We recently had the pleasure of interviewing Dylan Horvath from Cortex Design in the Design to Product podcast and we had a very valuable discussion about product design and manufacturing. This piece talks about a part of it.

Designers often work with a clean slate, dreaming up products that can be manufactured in any number of ways.

But for manufacturers, the design stage is where important decisions are made about how the product will be produced.

Decisions made at the design stage must be informed by the manufacturing strategy in order to avoid costly mistakes further down the line.

In this blog post, we’ll take a look at four manufacturing considerations that need to be part of the product design stage.

dylan horvath quote

Supplier Relationship

Setting up a strong relationship with your suppliers is crucial to the success of your manufacturing process.

You need to be able to rely on your suppliers to provide you with the materials and components you need when you need them.
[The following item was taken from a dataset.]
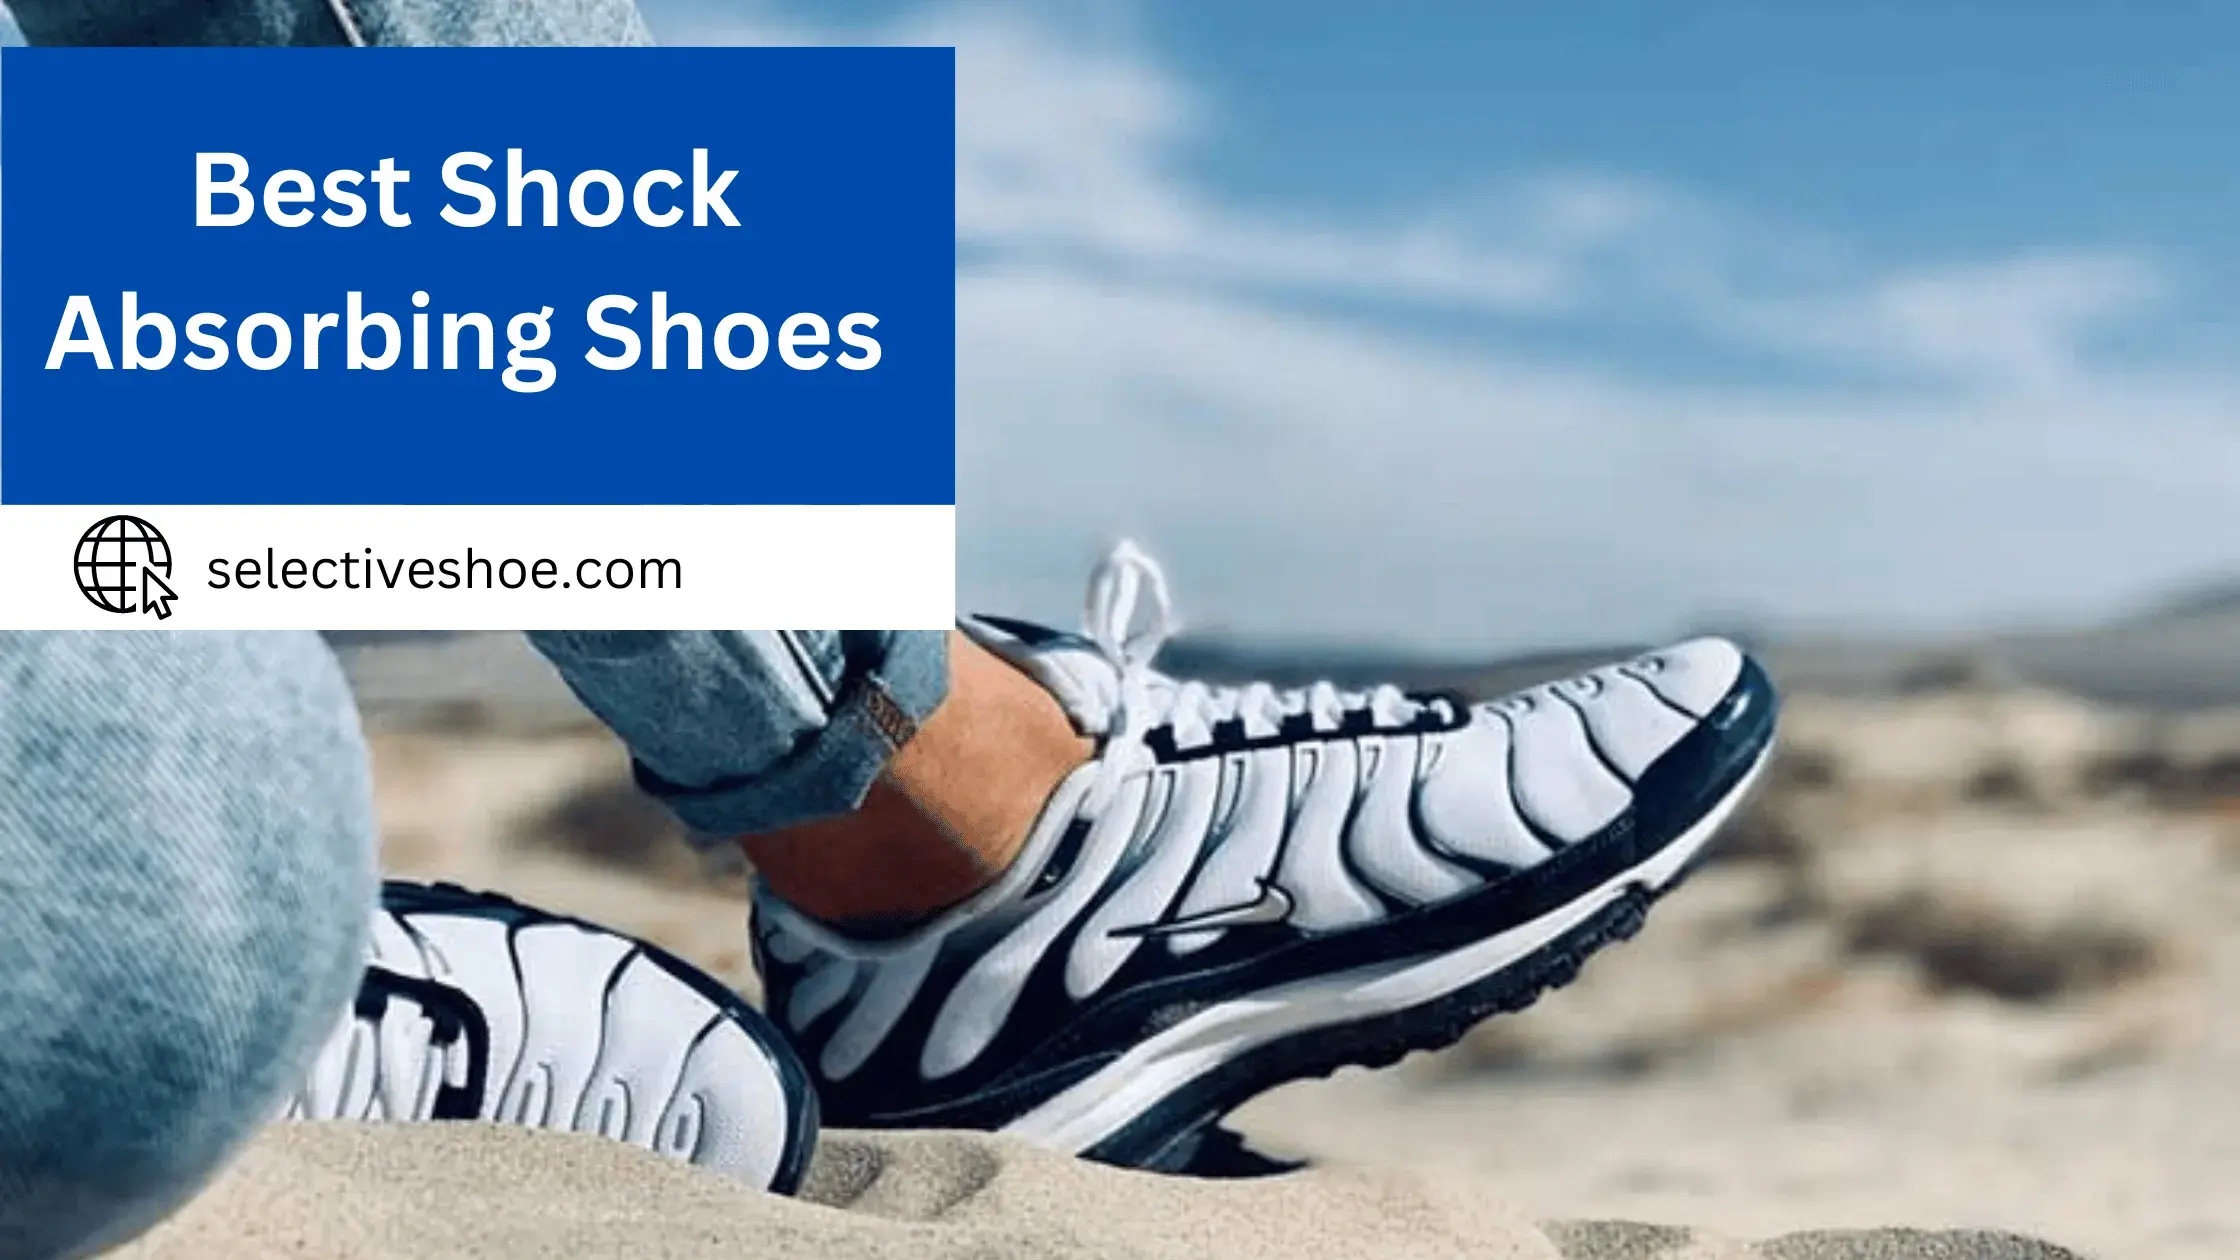 Best Shock Absorbing Shoes - Expert Choice

The last thing you want is for production to come to a halt because of a problem with your supplier.

Reinforcing your relationships with your suppliers starts at the design phase, and there are a number of ways you can do this, including:

  • Make sure you understand their capabilities and what they can and can’t do – This will help you to design products that are within their manufacturing capabilities, which in turn will make your life easier when it comes to production.
  • Ensure that your designs are complete and accurate – The last thing your supplier wants is for you to change your mind halfway through the production process. By providing them with complete and accurate drawings, you’ll minimize the chances of this happening.
  • Make sure you communicate your requirements clearly – Your supplier should know exactly what you want when you want it, and how you want it delivered. By communicating your requirements clearly from the outset, you’ll avoid any misunderstandings down the line.
  • Work with them to find cost-effective solutions – A good supplier will always be looking for ways to save you money. By working together, you can find cost-effective solutions that meet your needs without breaking the bank.
  • Give them enough time to properly assess your requirements – Don’t leave it until the last minute to tell your supplier what you need. They’ll need time to properly assess your requirements and come up with a solution that meets your needs.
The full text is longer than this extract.